Clear up the duty precisely.
Return solely the ultimate reply.
“””).strip()

response = consumer.chat.completions.create(
mannequin=self.mannequin,
temperature=0,
messages=[
{“role”: “system”, “content”: “You are an exact text-transformation agent.”},
{“role”: “user”, “content”: user_prompt}
]
)

output = (response.selections[0].message.content material or “”).strip()

self.keep in mind(
content material=f”Job {process.id} beneath rule {process.metadata.get(‘rule’)} produced output: {output}”,
class=”episodic”
)

return Trajectory(
task_id=process.id,
output=output,
steps=[
{
“rule”: task.metadata.get(“rule”),
“used_skills”: [s.name for s in relevant_skills],
“system_prompt_chars”: len(self.system_prompt),
“memory_items_seen”: len(self.recollections)
}
]
)

SKILL_TEMPLATES = {
“json_sum”: textwrap.dedent(“””
—
title: json-sum-exact
description: Add all integers and output strict compact JSON with the only key sum.
—
# JSON Sum Actual

Process:
1. Extract all integers from the duty enter.
2. Add them.
3. Return precisely one compact JSON object on this format:
{“sum”:NUMBER}
4. Don’t add areas, explanations, markdown, or further keys.
“””).strip(),

“acronym_upper”: textwrap.dedent(“””
—
title: acronym-upper-exact
description: Construct an uppercase acronym by taking the primary letter of every phrase.
—
# Acronym Higher Actual

Process:
1. Determine the phrase after the colon.
2. Take the primary letter of every phrase.
3. Convert each letter to uppercase.
4. Return solely the ultimate acronym, with no punctuation or rationalization.
“””).strip(),

“pipe_unique_sorted_lower”: textwrap.dedent(“””
—
title: pipe-unique-sorted-lower
description: Normalize tokens to lowercase, deduplicate them, type ascending, and be part of them with pipes.
—
# Pipe Distinctive Sorted Decrease

Process:
1. Learn the token checklist after the colon.
2. Cut up by commas.
3. Trim areas and lowercase each token.
4. Take away duplicates.
5. Type alphabetically ascending.
6. Be part of with “|” and return solely the ultimate string.
“””).strip(),

“vowel_parity”: textwrap.dedent(“””
—
title: vowel-parity-exact
description: Depend vowels within the phrase and output ODD or EVEN solely.
—
# Vowel Parity Actual

Process:
1. Learn the goal phrase after the colon.
2. Depend vowels utilizing a, e, i, o, u.
3. If the depend is odd, output ODD.
4. If the depend is even, output EVEN.
5. Return solely ODD or EVEN with no further textual content.
“””).strip(),
}

PROMPT_APPENDIX = textwrap.dedent(“””
## STRICT OUTPUT CONTRACT
– Output solely the ultimate reply.
– By no means clarify your reasoning.
– If a process expects JSON, return compact JSON with actual keys solely.
– When a related talent exists, observe it actually.
– Actual format is extra essential than being conversational.
“””).strip()

We implement the customized A-Evolve agent that reads the energetic immediate, abilities, and reminiscence from the workspace and makes use of OpenAI to unravel every process.
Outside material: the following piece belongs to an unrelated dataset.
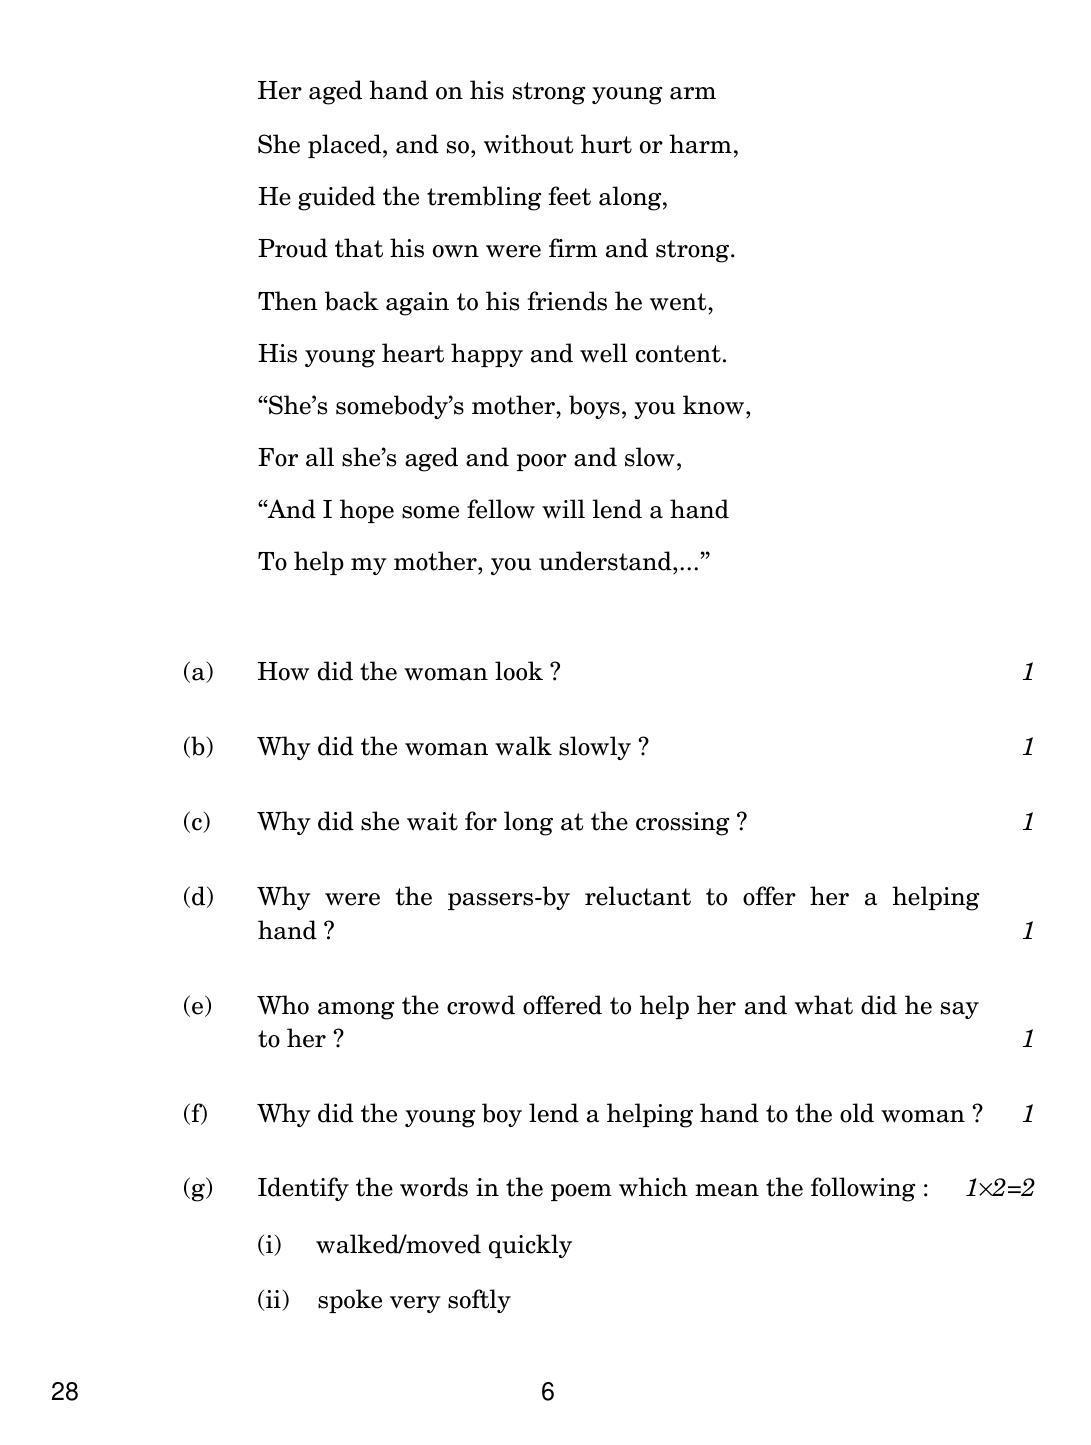 CBSE Class 12 28 ENGLISH ELECTIVE NCERT 2018 Question Paper - Page 6

We design the agent so it selects related abilities, injects latest reminiscence, and returns trajectories within the construction anticipated by the framework. We additionally outline the talent templates and the strict output contract, which function the primary elements that the evolution engine can add to enhance efficiency over time.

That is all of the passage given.